Нет, я не собирался прямо сейчас, сломя голову бросаться на
монолитную амбразуру, выстроенную её семейством, но придёт время, и
даже они не смогут меня остановить.
— Мы ещё повоюем — прорычал я не своим голосом, как только
захлопнулась дверь, и уставившись на советскую эмалированную
кружку, неожиданно взмывшую в воздух и зависшую над тумбочкой.
А затем я инстинктивно протянул руку вперёд и со всех сил резко
сжал кулак, сливая всё накопившееся во время разговора внутреннее
напряжение, в начавшую сминаться жестянку.

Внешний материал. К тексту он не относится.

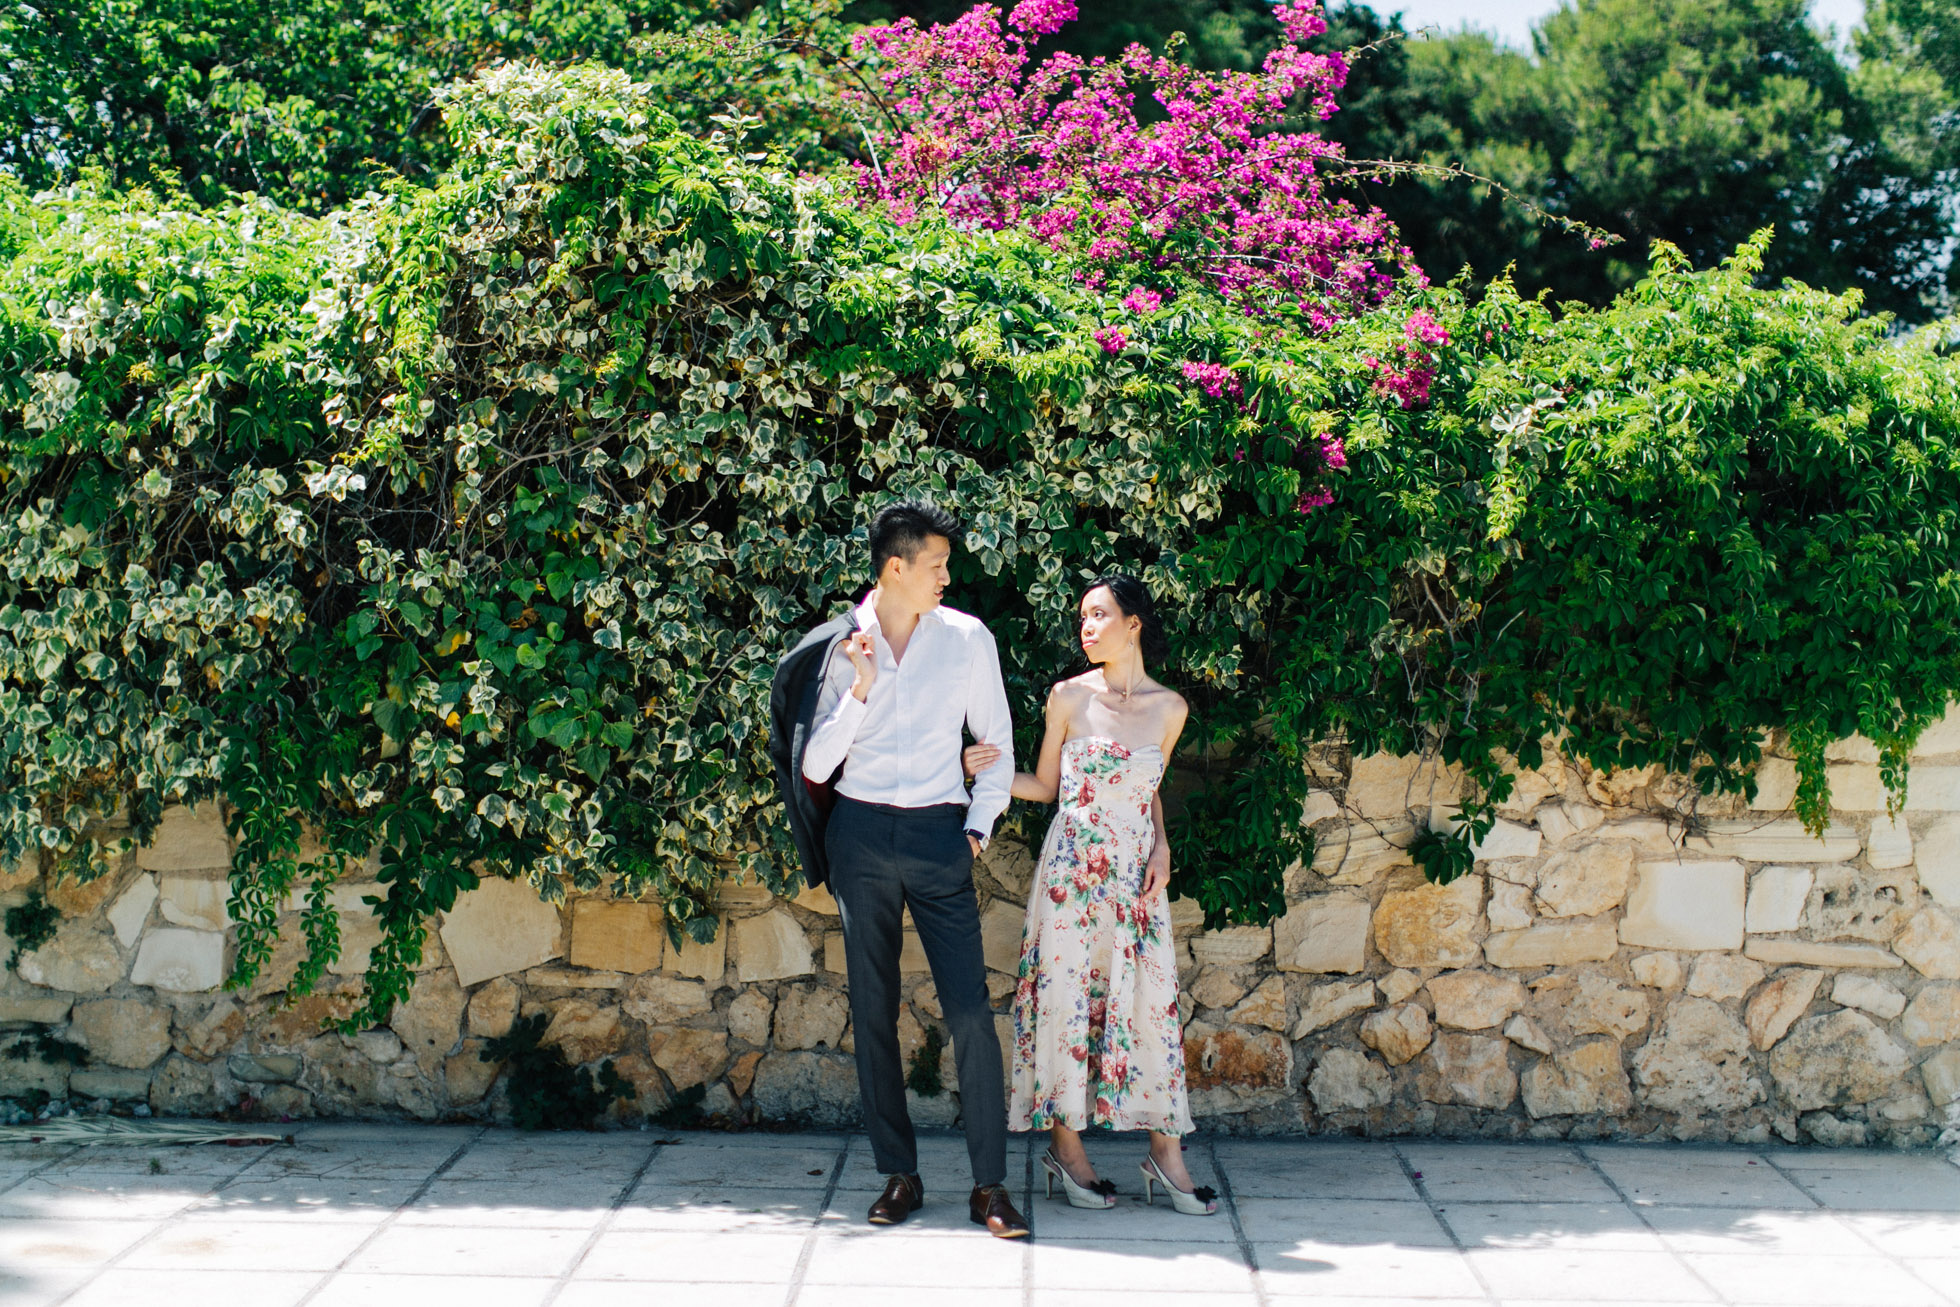 Young elegant couple wearing summer outfits is posing for their elopemement portraits for professional photographer team in Crete island, Greece. Colorful garden and park backdrop adds to the happy and vibrant feel of this session.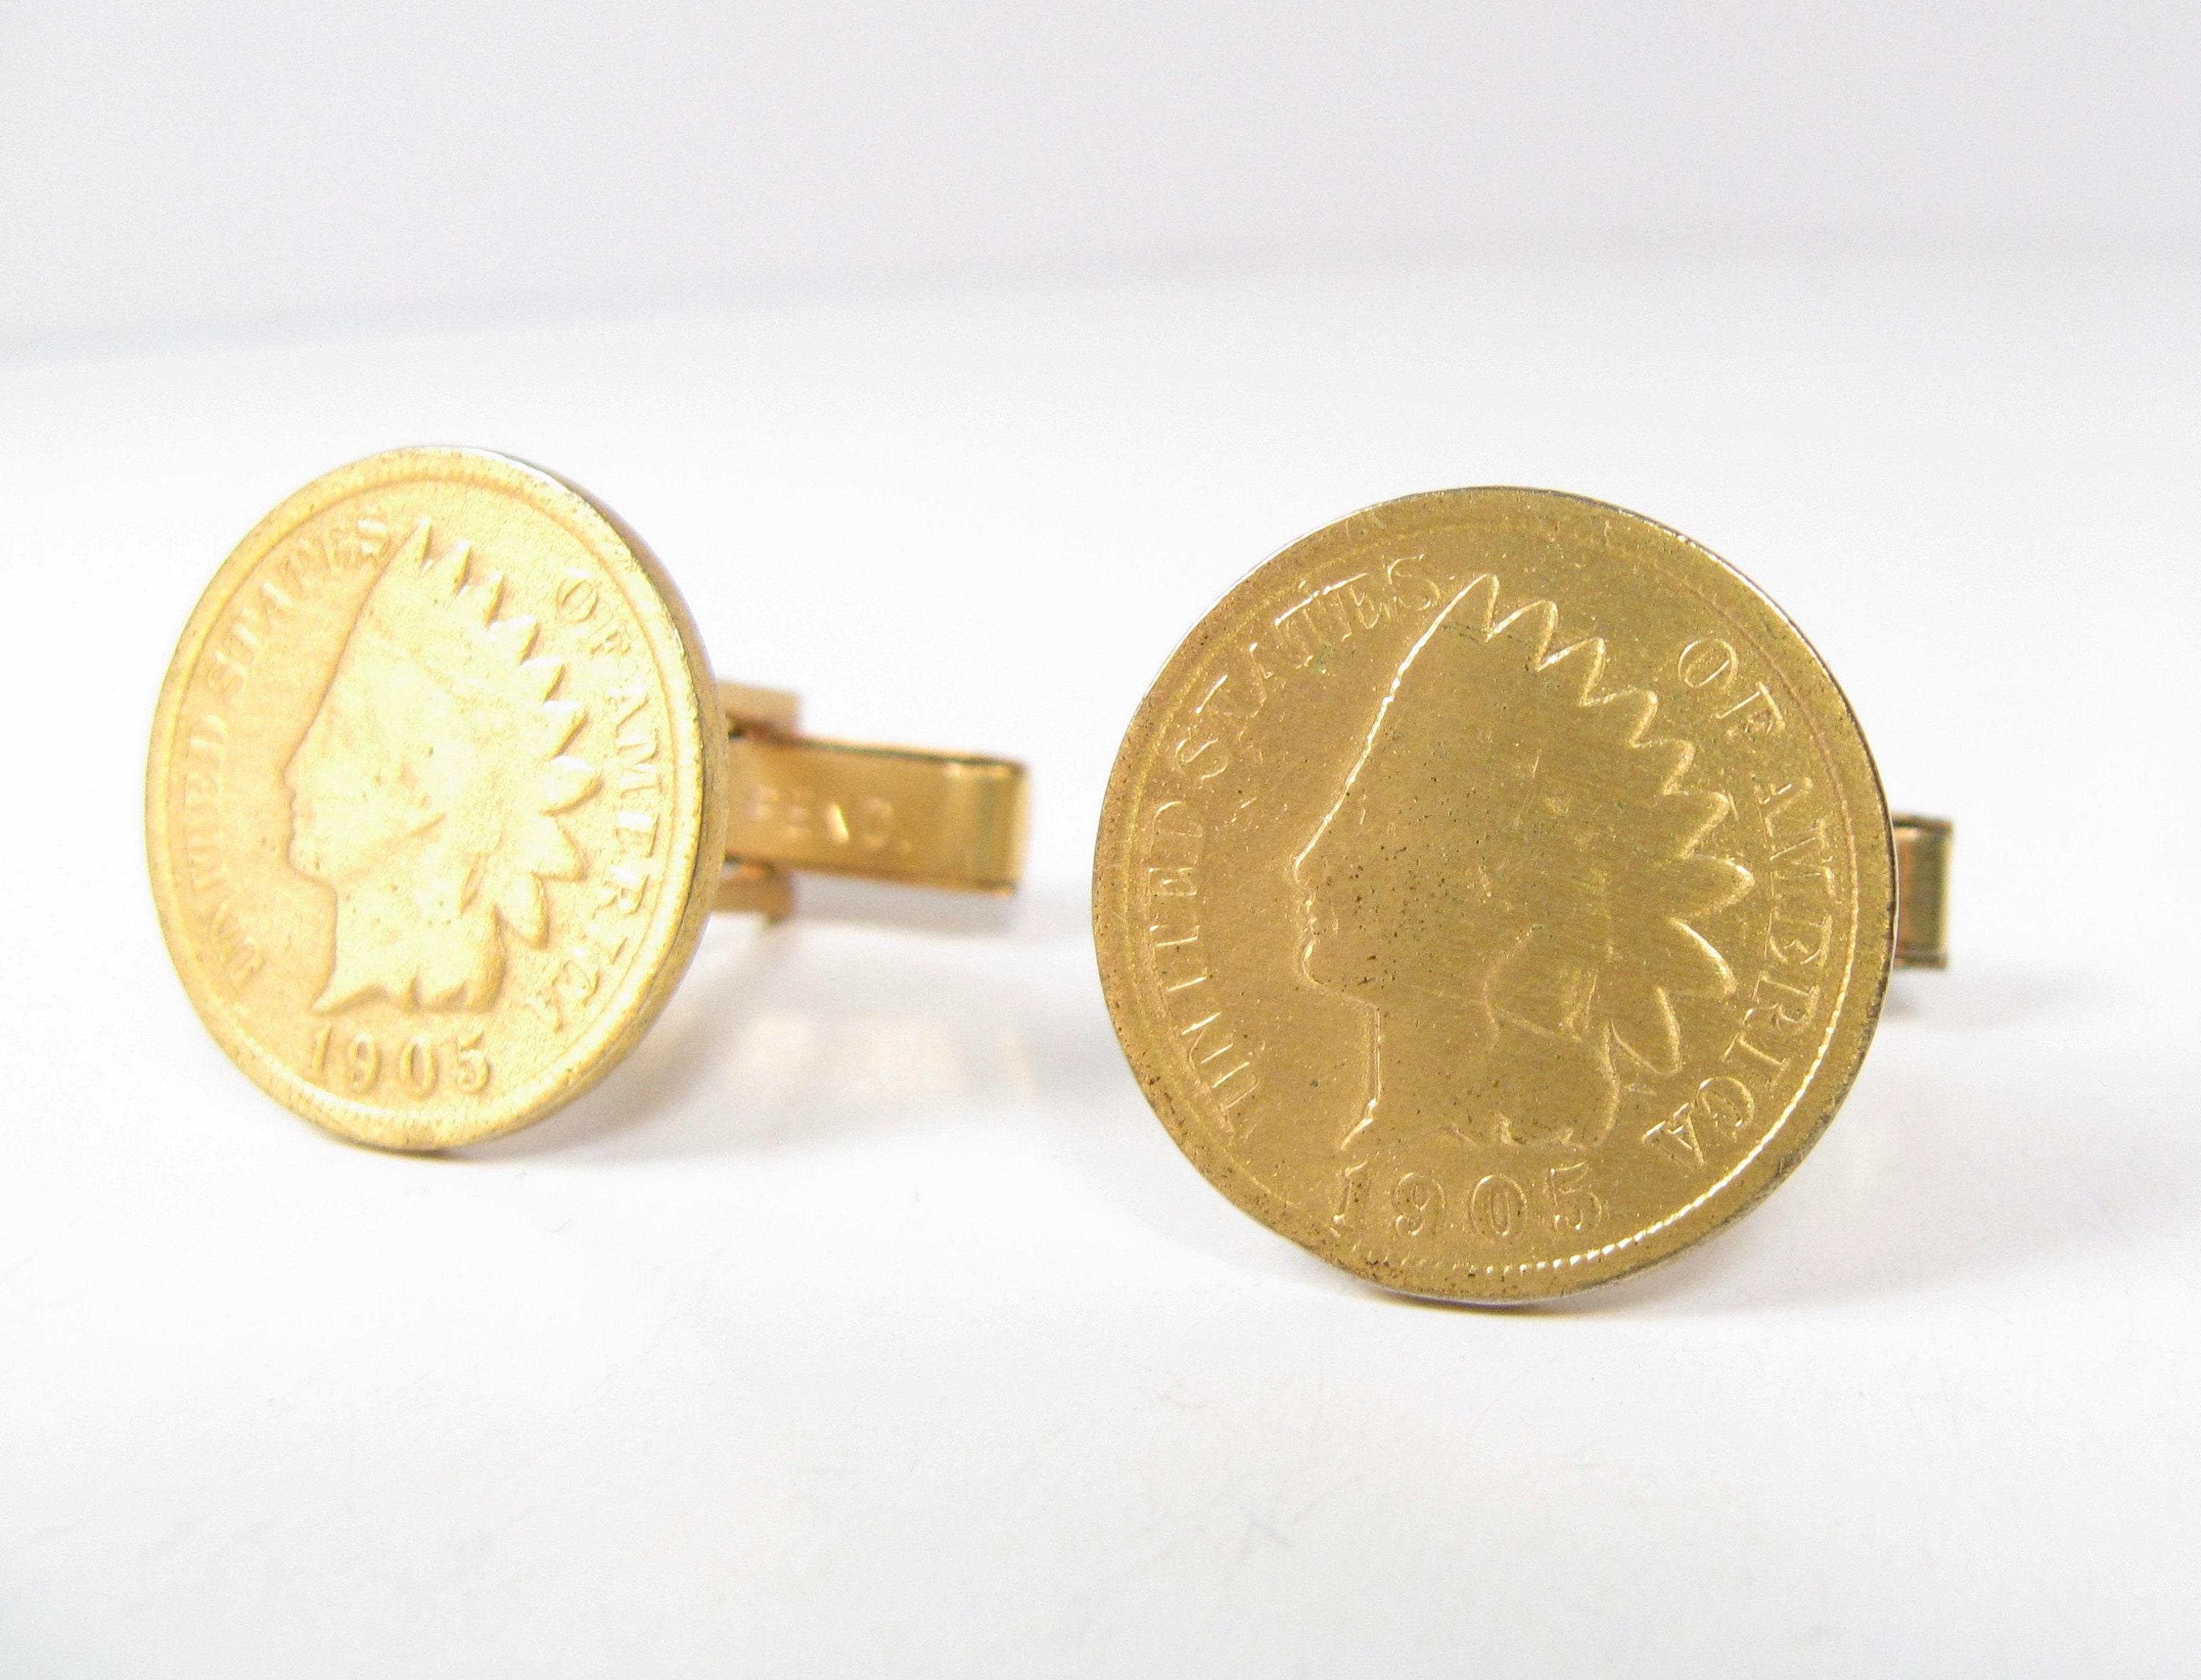 NEW Gold-Layered Indian Penny Goldtone Bezel Coin Cuff Links 14141

Вечернюю капельницу мне ставила незнакомая хмурая медсестра в
возрасте. Как только восстанавливающая сыворотка попала в кровь, я
провалился в глубокий сон и снова переместился совсем в иное
место.
На этот раз вокруг раскинулось заснеженное кладбище, над
которым звучала немного замедленная, оркестровая версия «Прощания
славянки». Судя по смутно знакомому антуражу, кладбище было совсем
непростое, а знаменитое Новодевичье. Зимнее солнышко скрывали
тёмные тучи, и, хотя вокруг было чересчур сумрачно, я почему-то
знал, что это день.
Точка обзора находилась между веток деревьев, метров на
семь выше поверхности земли, из-за этого сразу выявилась очень
странная особенность. Периметр кладбищенского забора окружал
бесцветный полумрак, а едва выделяющиеся ландшафт и строения
представляли из себя нагромождение ломаных теней, разной степени
серой тональности.
И лишь ближайший сектор, занимающий нескольких сотен
квадратных метров, был правильно освещён и расцвечен почти
натуральными красками. Из-за этого творящееся внизу действо
выглядело не совсем реальным. А что именно происходит в прямой зоне
видимости я определил сразу и безошибочно.
Там хоронили меня.
На центральной алее, окружённой выстроившимися в ряды
памятниками генсеков, президентов и мэров, стоял кортеж похоронной
службы, с монструозным, траурно украшенным, катафалком посередине,
и несколькими не менее мрачно выглядящими машинами сопровождения.
Кроме этого тут присутствовала целая кавалькада, по большей части
дорогих автомобилей, тёмных цветов, рядом с которыми кучковались
перекуривающие водилы и охранники.
А в глубине кладбища, за несколькими рядами могил
всяческих государственных деятелей, заслуженных артистов и
писателей, разместилось неровное каре присутствующих на моих
похоронах.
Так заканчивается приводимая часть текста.